*WORK ORDER*
Start at the line below containing "1964 Lotus Cortina" and stop at the line containing "urban landscape concept: attractive". Repeat every line of that stretch exactly, and nothing outside it.

*RECORDS FOR THE TASK*
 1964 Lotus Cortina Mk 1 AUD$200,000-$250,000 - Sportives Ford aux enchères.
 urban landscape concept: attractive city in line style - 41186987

==

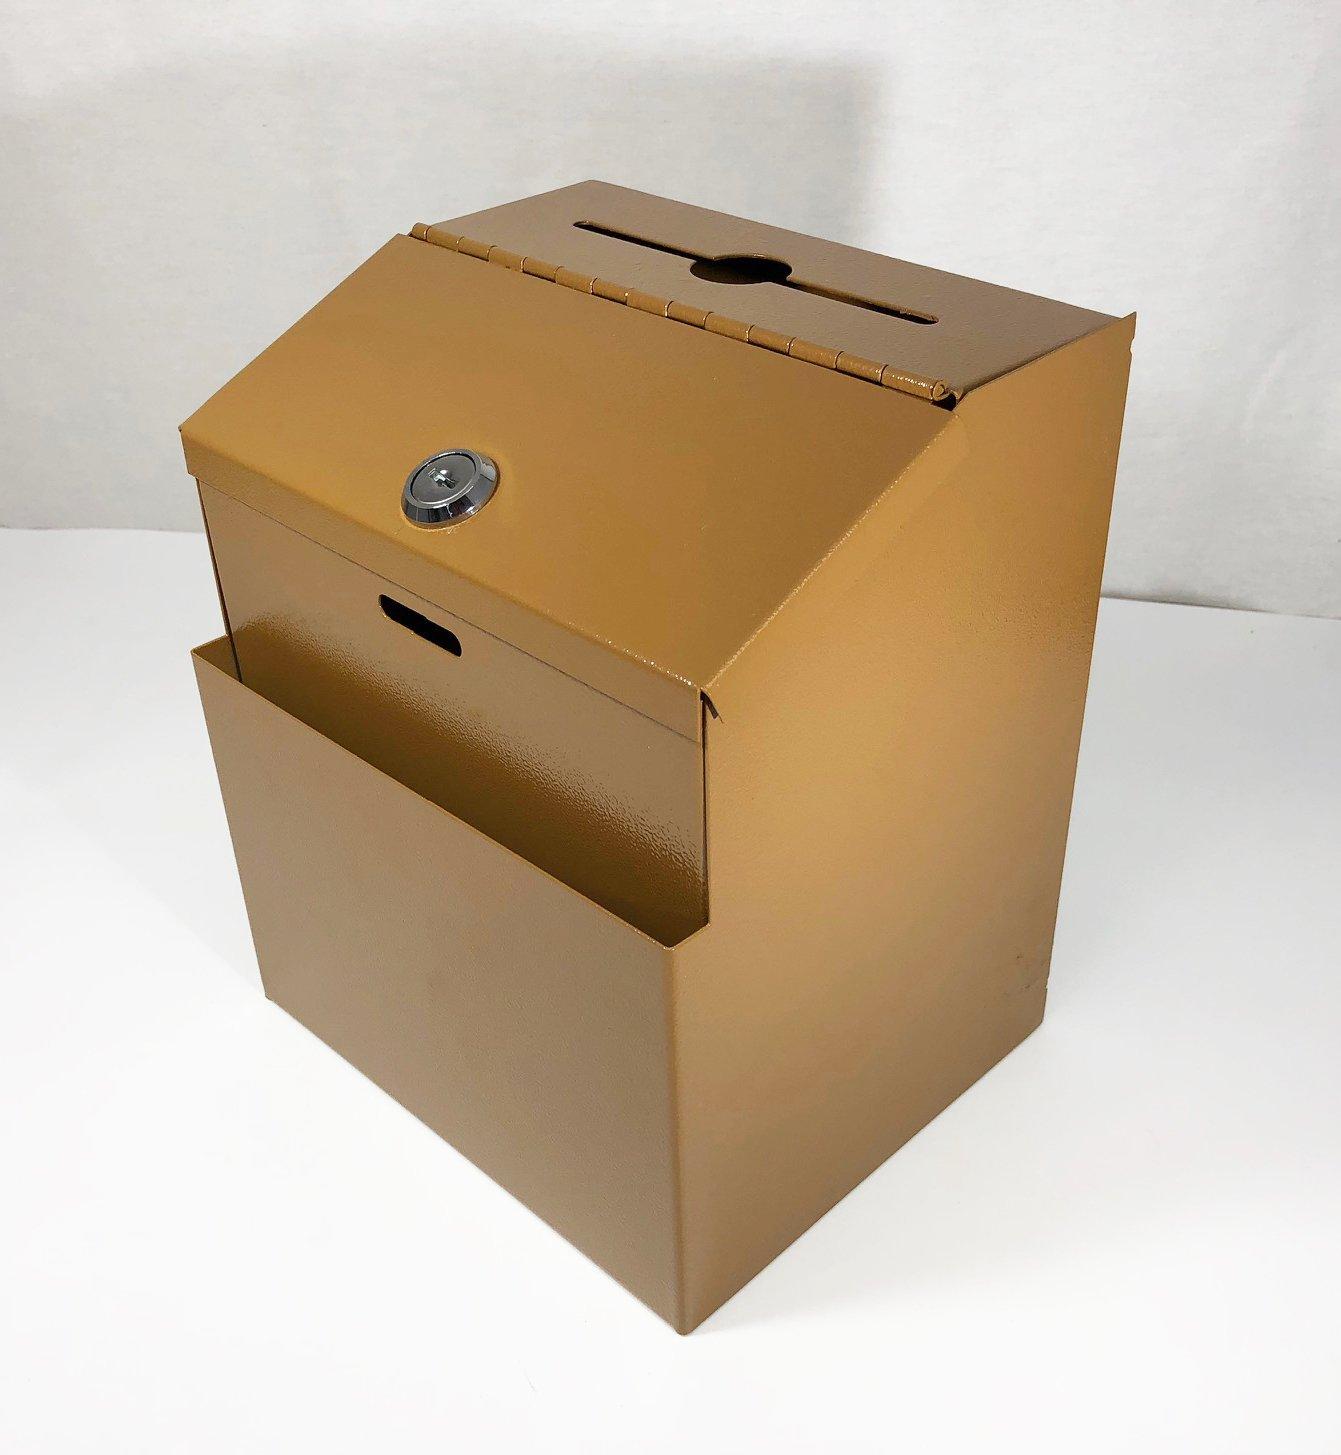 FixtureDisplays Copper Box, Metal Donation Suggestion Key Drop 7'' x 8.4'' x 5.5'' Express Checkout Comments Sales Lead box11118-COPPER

*RESULT FOR THIS EXERCISE*
 1964 Lotus Cortina Mk 1 AUD$200,000-$250,000 - Sportives Ford aux enchères.
 urban landscape concept: attractive city in line style - 41186987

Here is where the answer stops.